As shown in Fig. 6(a), the horizontal axis represents the number of model parameters, while the vertical axis indicates the mAP. Models closer to the top-left corner are considered to have better performance. Benefiting from its lightweight design, DAFCN achieves the highest detection accuracy with minimal parameters and computational cost. A 4.7 % improvement in mAP is achieved compared to the baseline model YOLOv8. As shown in Fig. 6(b), DAFCN has demonstrated excellent performance across all categories.
Fig. 6a) Comparison of different model mAPs with parameters, b) comparison of APs per category

a)

b)
Fig. 7Comparison of detection effectiveness of DAFCN with different obstacle detection algorithms.

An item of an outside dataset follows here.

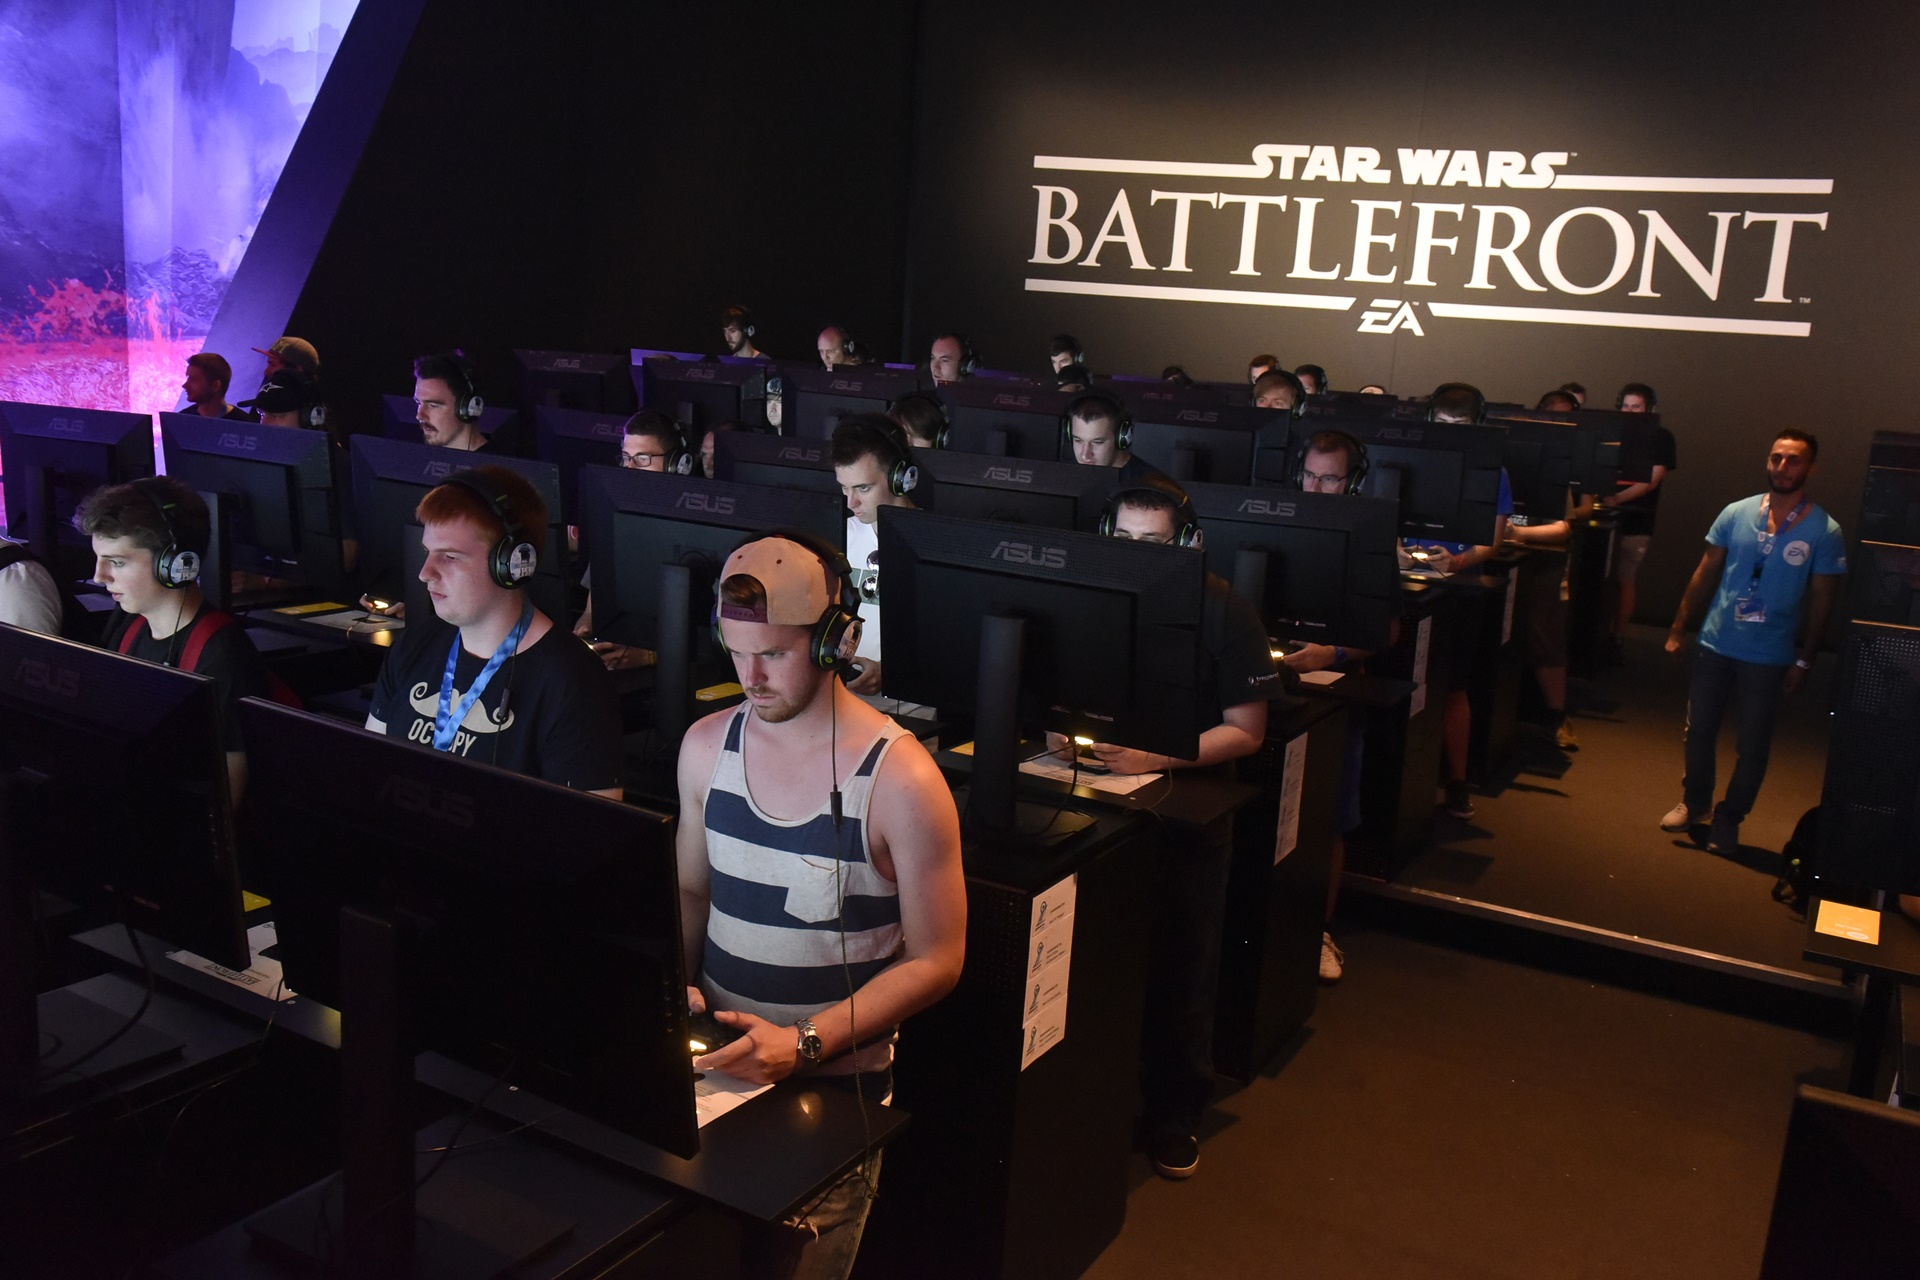 Gamescom 2015 electronic arts

The test results of YOLOv6, YOLOv7, rt-detr, EfficientDet, and DAFCN on an urban traffic dataset are compared in Fig. 7. YOLOv6 mainly relies on the basic up-sampling and down-sampling operations to realize the fusion of features at different scales, and when dealing with complex scenes, it is unable to adequately integrate semantic information at different levels, resulting in the occurrence of wrong detections. YOLOv7 adopts a relatively complex and inflexible multi-scale feature fusion strategy, which leads to the difficulty of effectively integrating different levels of feature information, and in turn affects the model's detection accuracy. Rt-detr feature fusion process is less adaptive to small sample data, leading to its missed detection. efficientDet's feature fusion is not flexible enough when dealing with complex scenes, leading to different degrees of missed detection of small targets. In contrast, DAFCN effectively detects small objects by fully integrating deep and shallow features. This proves the effectiveness and superiority of DAFCN.

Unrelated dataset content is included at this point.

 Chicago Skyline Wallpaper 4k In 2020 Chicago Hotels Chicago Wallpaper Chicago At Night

3.4. Human pose estimation comparison experiment
To evaluate the performance of the DAFCN network in pedestrian pose estimation, this experiment combines DAFCN with the YOLOpose detection head and compares it with several pose estimation models, including EfficientHRNetH0 [30], OpenPose [31], and YoloPose [32]. The results are shown in Table 3.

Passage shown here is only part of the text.